My equipment is really basic - 4 gal pot, 5 gal pot, bucket sparging set-up from the Homebrewer's Companion (drill holes in the bottom of a bucket and set it inside your bottling bucket, drain into pot from spout).

1. I heat up mash water in 5 gal pot and add grains inside of the grain bag. My pots seem to lose a lot of heat with their glass tops so I move the pot off the stovetop and set it on some potholders on the counter. Then I wrap it in a fleece blanket which really helps prevent the heat loss.
2. Heat up my sparge water in the 4 gal, then put the grain bag in my sparge buckets and proceed to sparge.
3. For a 5 gal batch of course I end up with over 5 gal of wort so I split my boil between the two pots. Here's the really scientific part - I use my half gal pyrex measuring bowl to scoop wort back and forth between the pots to more evenly distribute the specific gravity (takes about a minute?).

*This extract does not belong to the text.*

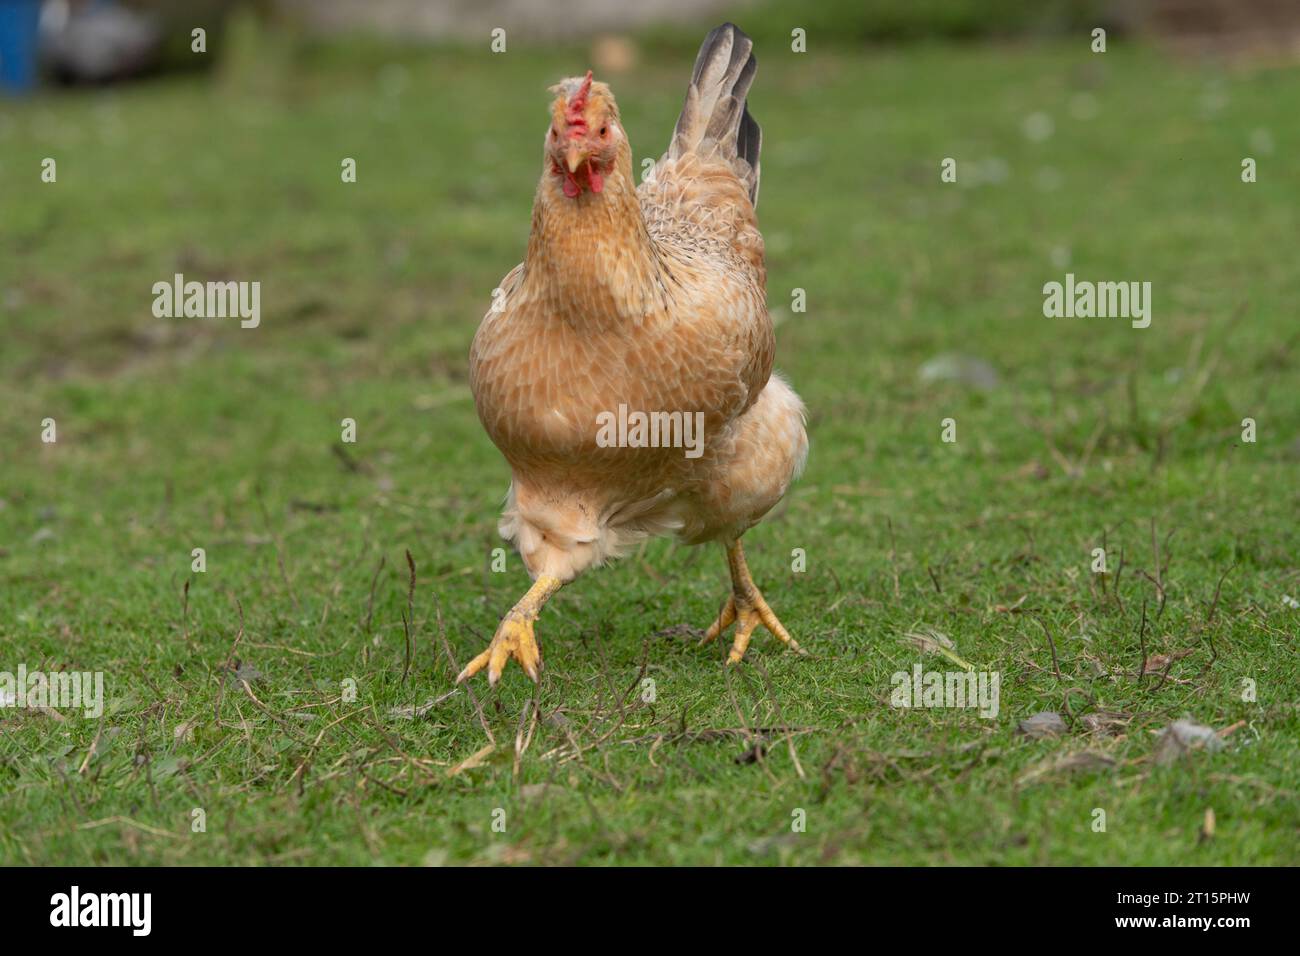 chicken running towards the camera Stock Photo

4. I split the volume of wort and hops evenly between the two pots.
5. For cooling I have tried a couple of things. I have a double sink, which is REALLY NICE for the two pot method. It's actually been quickest for me to make up extra ice before hand and cool using an ice bath for my two pots in my sink since I have around 2.5 gal in each pot. I do have a wort chiller but for my particular situation it hasn't always made sense to use it.

I'm looking forward to hearing suggestions and tips from others on this thread. I've done about 10 AG brews this way and it always end with a sticky kitchen floor!